Filling up our water from a pipe, filtered through a dirty coffee filter.  Who can spell Giardia?

Filling up our water from a pipe, filtered through a dirty coffee filter. Who can spell Giardia?

Hour 8: After collecting water from a very questionable source which involved putting a strainer over a tap outside (Giardia, here we come!), we embarked on another hike up to our first zip-line. Strangely enough, the company had only provided us with six harnesses for eight people – so we had to take turns getting the group across the canyon. The first zip-line was unreal: you basically strapped onto the rope (pretty much unassisted by any guide, since our guide, who hilariously resembled the little Chinese man from Ocean’s 11, barely spoke any English) and it appeared as though you were heading straight into the trees. Really though, you were going across a large valley into the side of a mountain, where you disembarked, walked a few meters, and went on another very short line which led you into our home for the night: a wicked tree house, perched 50 meters above the ground.
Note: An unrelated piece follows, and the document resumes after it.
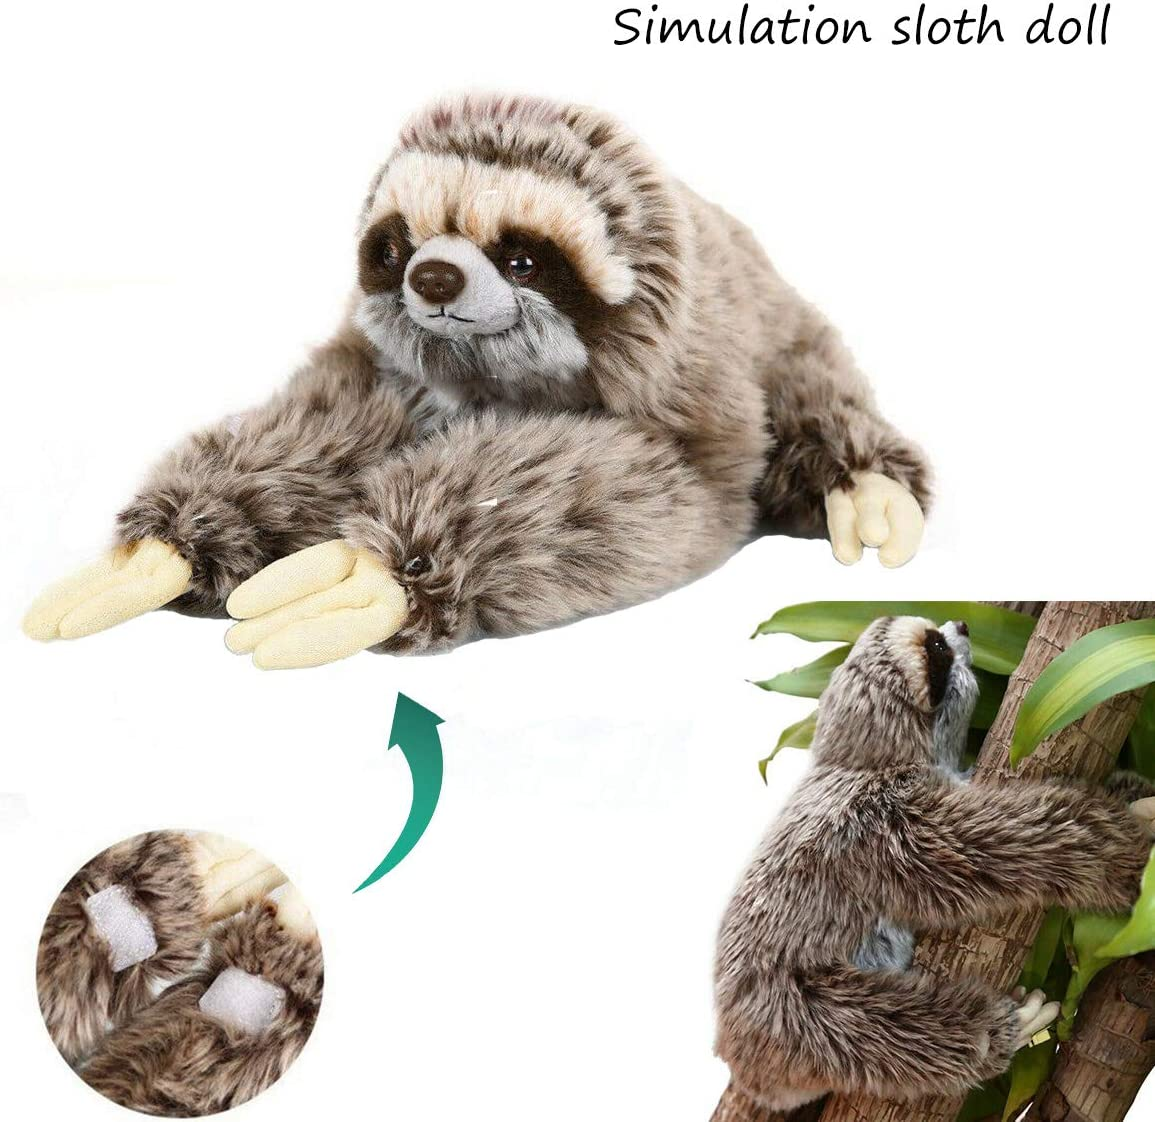 Cute Giant Sloth Stuffed Plush Animal Doll Soft Toys Pillow Cushion Xmas Gifts

The zip-line landed into the base of the house, where a toilet was also located. After climbing a short set of stairs, you were on the main floor, complete with beds and a small eating area. This was awesome, every dad’s dream for their back yard.

On of the tree houses (not the one we stayed in)

On of the tree houses (not the one we stayed in)

Hour 10: Only one person had suffered some leech damage and we were all feeling pretty good from the trek in – especially after the swim. Scott and a few other guys decided to go for a some zips across the canyon and back while the rest of us lounged and enjoyed some hot chocolate (bizarre to drink in 42 degree heat, I know, but it was delicious!). We hunkered down for our first canister dinner – a really interesting canister that consisted of four different compartments with various Lao dishes cooked inside and a bag of rice. Our guide left us for the night, which was a bit of a surprise – you mean, we were going to stay here without supervision for the night?! We are just Canadian man-children! We need a tough Lao guide to help us! Anyway, once we calmed down and began to enjoy our freedom, we cleaned up after ourselves just in time for the sunset. In a sign of things to come, we were bothered by a few bees, but with only one of getting stung.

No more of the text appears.